Play Plinko free before using real money

The safest way to learn Plinko is to test it in demo mode first. A few hundred free drops will teach you more about volatility, pacing, and bankroll pressure than any strategy video. You will quickly see how low-risk boards differ from high-risk ones, and how row count changes the feel of the game.

The Plinko demo hub is the best place to start because it collects multiple versions in one place. For a well-known benchmark, try BGaming Plinko (99% RTP, ×1,000 max win). For comparison, look at Plinko 2 by BGaming, Plinko+ by Pragmatic Play (97.50% RTP), Plinko Dice by Galaxsys (97.68% RTP), Plinko by Vela, and Plinko Aztec by InOut Game (98% RTP).

If you enjoy fast-result casino formats, you can also explore related titles through the free crash casino games section, or find the top-rated sites in the crash games casinos guide. For a live wheel game with a similar quick-result format, see how to play Crazy Time.

How to play Plinko — frequently asked questions

What are the basic rules of Plinko?

You choose a bet, drop the ball from the top of the board, and receive the multiplier shown in the slot where it lands. In online Plinko, you may also be able to choose rows and risk level before each round.

Is Plinko luck or skill?

Plinko is mainly a game of chance. Skill only comes into play in how you manage your bankroll, choose volatility settings, and control session discipline.

Can you win at Plinko consistently?

You can win individual rounds or even have good sessions, but you cannot create a system that removes the house edge in the long run. Consistency in Plinko means managing losses well, not guaranteeing profit.

What is the best Plinko setup for beginners?

Low risk, 14–16 rows, and small bet sizes are the most beginner-friendly settings. They reduce volatility and make it easier to understand how the game behaves.

Does drop position matter in online Plinko?

Not in a meaningful long-run way in certified RNG games. The peg grid is symmetric, so every starting column has the same expected value. Drop position does not create a reliable edge — the RNG result is determined before the visual animation begins.

Can I play Plinko for free?

Yes. Demo mode is widely available and is the best way to learn the game before using real money. The Plinko demo hub collects multiple variants in one place.

What is the difference between low-risk and high-risk Plinko?

Low-risk Plinko offers smaller, more frequent returns and smoother sessions.
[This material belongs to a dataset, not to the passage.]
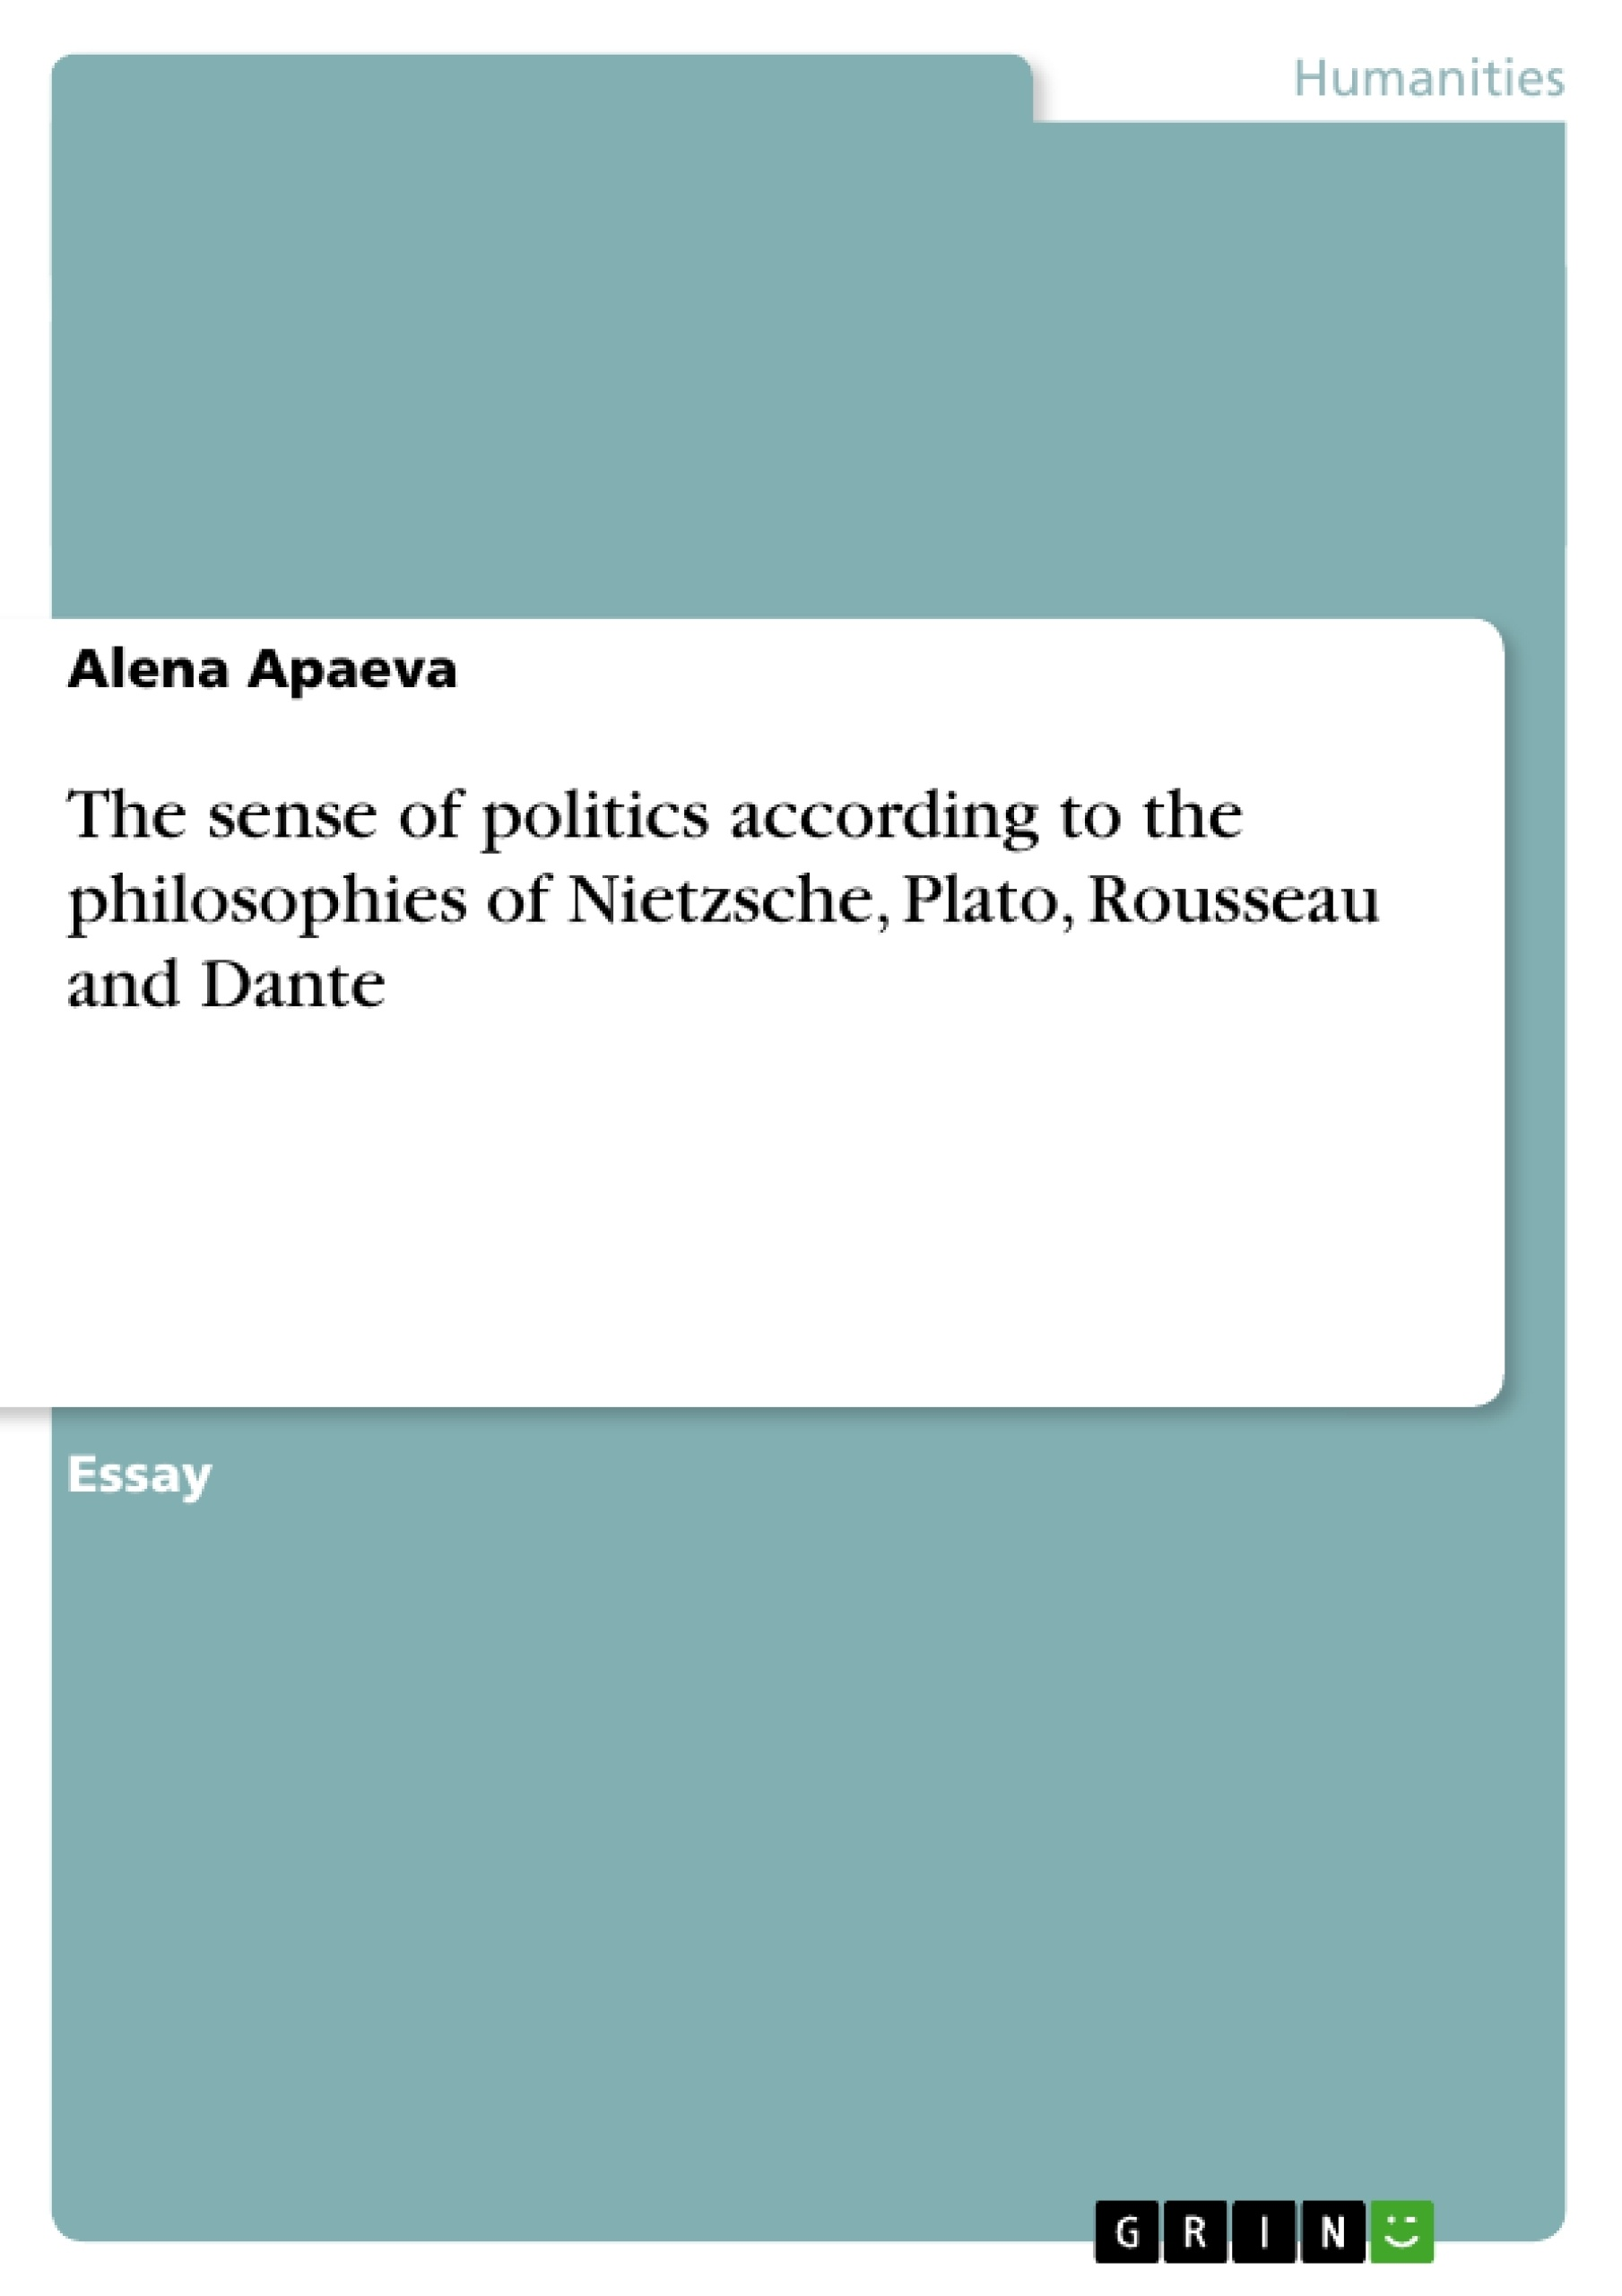 Title: The sense of politics according to the philosophies of Nietzsche, Plato, Rousseau and Dante

High-risk Plinko offers rarer but much larger multipliers, with longer stretches of weak outcomes in between.

Which Plinko variant has the highest RTP?

BGaming Plinko and BGaming Plinko 2 both publish a 99% RTP, which is the highest of the variants covered in this guide. InOut Plinko Aztec (98%) and Galaxsys Plinko Dice (97.68%) are also above average. For a broader comparison across all casino game types, see the highest RTP slots guide.

Is Plinko better than slots?

They are different rather than better or worse. Plinko gives you faster, simpler rounds and clear volatility controls. Slots offer more features, bonus rounds, and theme variety. Which one suits you depends on your play style. If you enjoy fast-result games with similar volatility profiles, live wheel games like Crazy Time are also worth comparing — see how to play Crazy Time for a full breakdown.


Responsible gambling note: Plinko is a game of chance. No strategy removes the house edge. Play for entertainment, set spending limits before each session, and stop when you reach them. If gambling stops being fun, Gambling Therapy and GambleAware offer free support.